How to get 1.5 TeraFlops from Linux

Oak Ridge National Lab has purchased from SGI an Altix 3000 (flash movie). This article claims that: SGI Altix 3000 is recognized as the first Linux cluster that scales up to 64 processors within each node and the first cluster ever to allow global shared memory access across nodes. There is more here, here, and here.

27 of 280 comments (clear)

  1. Better than Beowulf for normal use... by TWX · · Score: 5, Informative

    You're better off using mosix. It'll allow for more normal (ie, not beowulf specific) applications to thread across computers. I'd imagine that an open-mosix setup (like the ones using the knoppix boot CDs tailored to it) could probably make for a fairly powerful computing cluster very easily.

    --
    Do not look into laser with remaining eye.
    1. Re:Better than Beowulf for normal use... by yuvtob · · Score: 3, Informative

      while you are probably right that for most cases mosix will do just fine (I used it for a ~50 PC cluster at nights for DSP calcs), these machines are for super-computer calculations that require a lot of memory. If you even could run a 2GB process on mosix, it would be slowed down by the network, and these beasts can run 100GB processes at a 2GB/s interconnect !

    2. Re:Better than Beowulf for normal use... by ERJ · · Score: 5, Informative

      Mosix is nice, because it treats the cluster like a single, large, multi-cpu box by simply allocating threads to different boxes.

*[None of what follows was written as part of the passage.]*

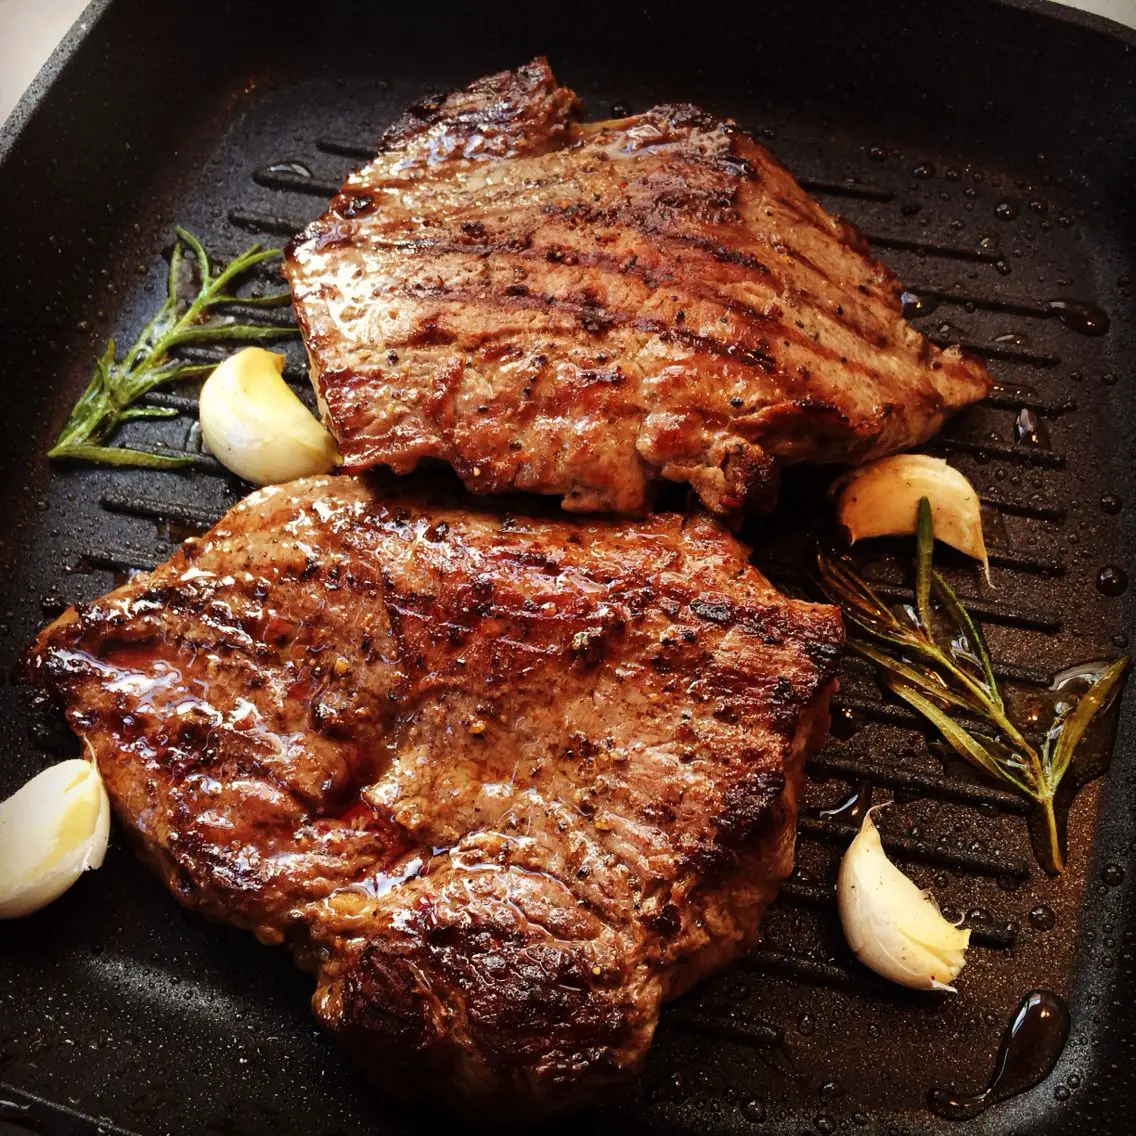 The perfect steak
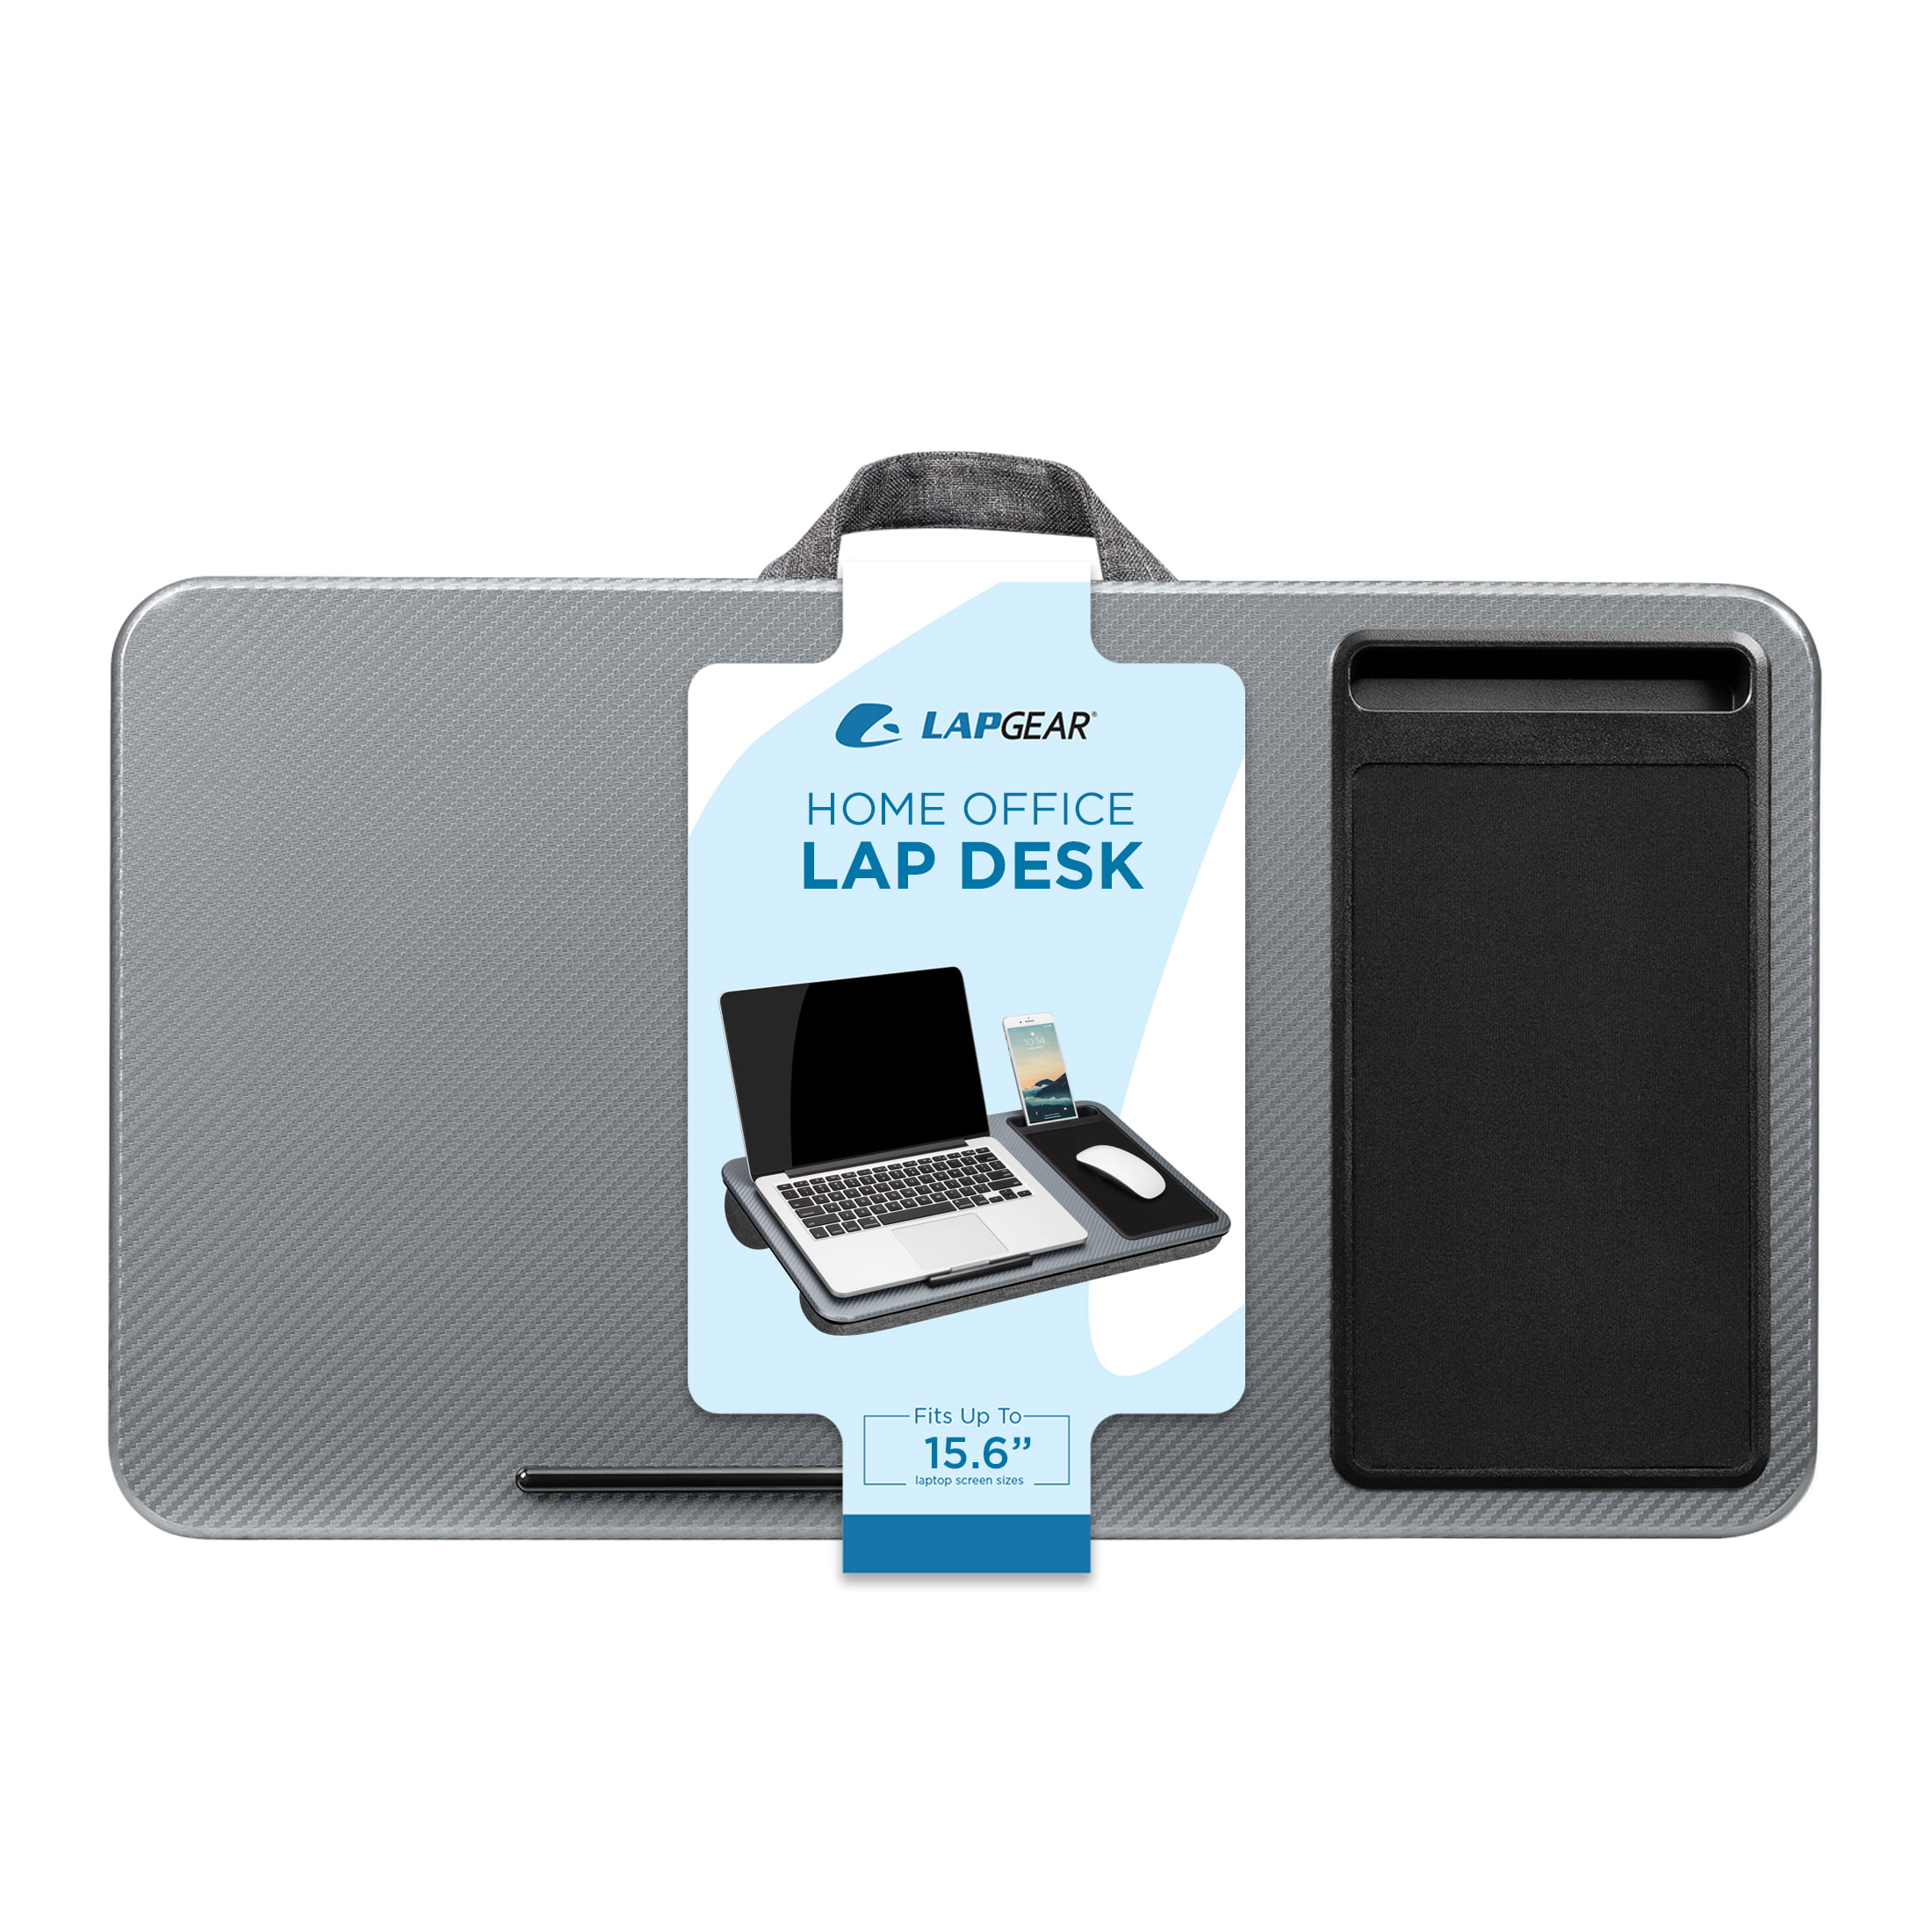 Geo LapGear MyStyle Lap Desk Fits up to 15.6 Laptop - Style #45315

The nice thing about this is that any multi-threaded program can take advantage (as stated in the parent post).

      However, this also can cause problems. Most threaded programs are written assuming that all the threads have high speed (i.e. system bus / cpu cache) access to shared information. When we introduce the latency incurred by a network, this can cause programs to run alot slower then they would if they simply had all the threads on a single box. Obviously, it all depends on how the program was written, and what it does.

      If you are writting a program specifically for a cluster, I would suggest instead looking at something like LAM-MPI. This allows for a much more controlling approach to be taken. It is more work (you have to decide how the work will be split) but it allows for much better control of where and what is being done and how to optimize it.

    3. Re:Better than Beowulf for normal use... by battjt · · Score: 2, Informative

      Threads can't be migrated. Only processes can be migrated.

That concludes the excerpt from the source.